10:49 PM on 02/23/2011
He's probably garbling the halting problem. (http://en.wikipedia.org/wiki/Halting_problem) However, the halting problem isn't about "the concept of infinity". It's about the limits of analytical knowledge.

Now, if sporty1 could demonstrate that humans *can* solve the halting problem for all algorithms but computers can't, that would be pretty impressive. But there's no reason to believe that any human can do it, either.
09:51 PM on 02/23/2011
'a computer can never "understan­d" whether a mathematic­al operation is finite'...a computer can never "understand" anything really, it's all just 1's and 0's without us to interpret the message.

You could very easily teach a computer "practical" infinity that would suit all but 1 in a google of it purposes, though. Dear computer, when you reach a billion to the power of a billion, stop and try something else, that's one line of code.
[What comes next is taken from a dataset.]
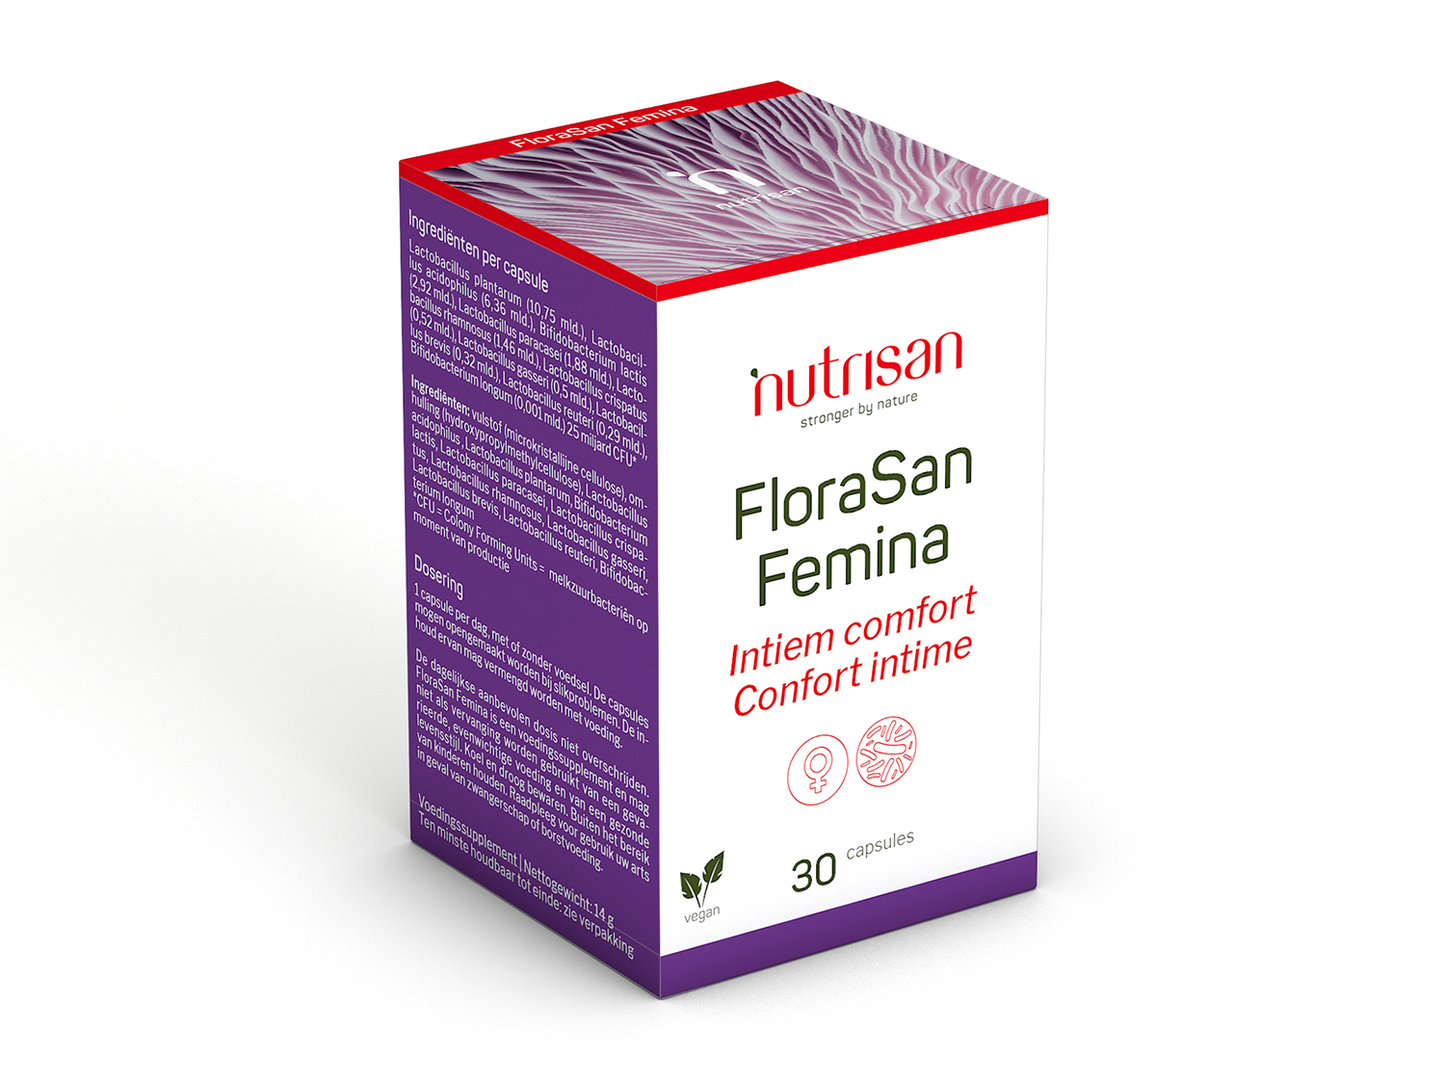 Nutrisan FloraSan Femina - 30 capsules - Supplement voor intiem comfort
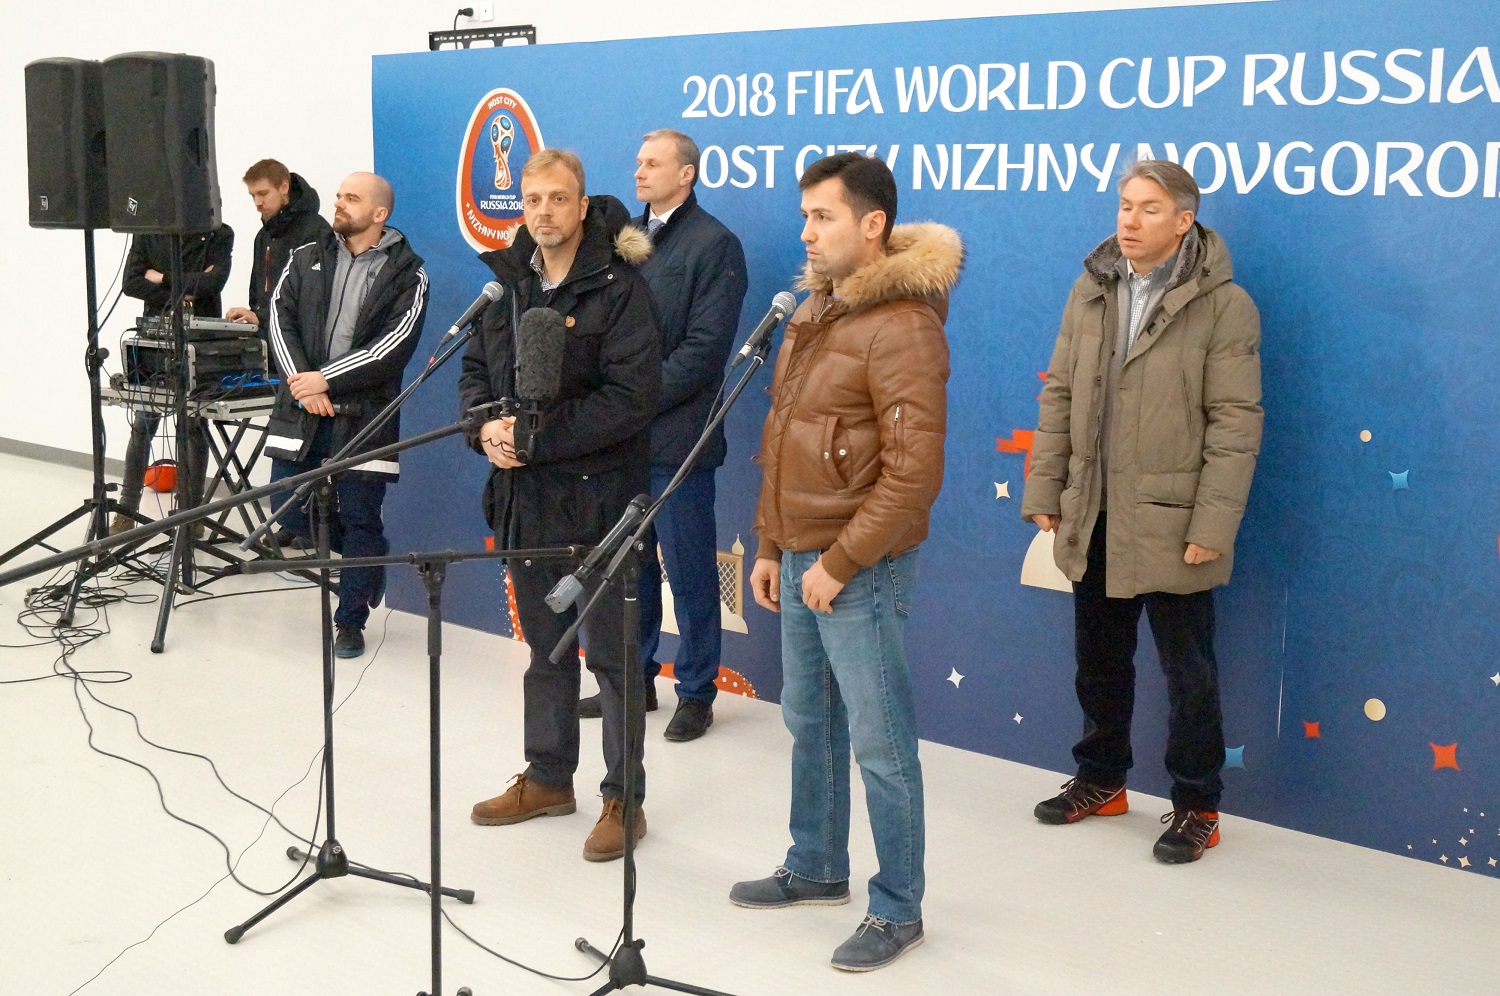 Представители FIFA побывали в Нижнем Новгороде с финальной проверкой нового стадиона (ФОТО) - фото 2

Also, the author posits an infinite loop as 'to operate in perpetuity without tiring' which also isn't true. The world's most powerful supercomputer consumes the equivalent of 50,000 BLT sandwiches in energy every day.
photo
HUFFPOST SUPER USER
sporty1
being me
09:04 AM on 02/24/2011
Wow that is a lot of lettuce and pork. Yeah, I mean a computer can't gaze into the sky at night and contemplate the infinity of space, or the possibility thereof. And on and on. That is what makes us little humans so special, we can think the sublime, apprehend the unknown even if only haltingly, accept the possibility of or insist on the necessity of the existence of God.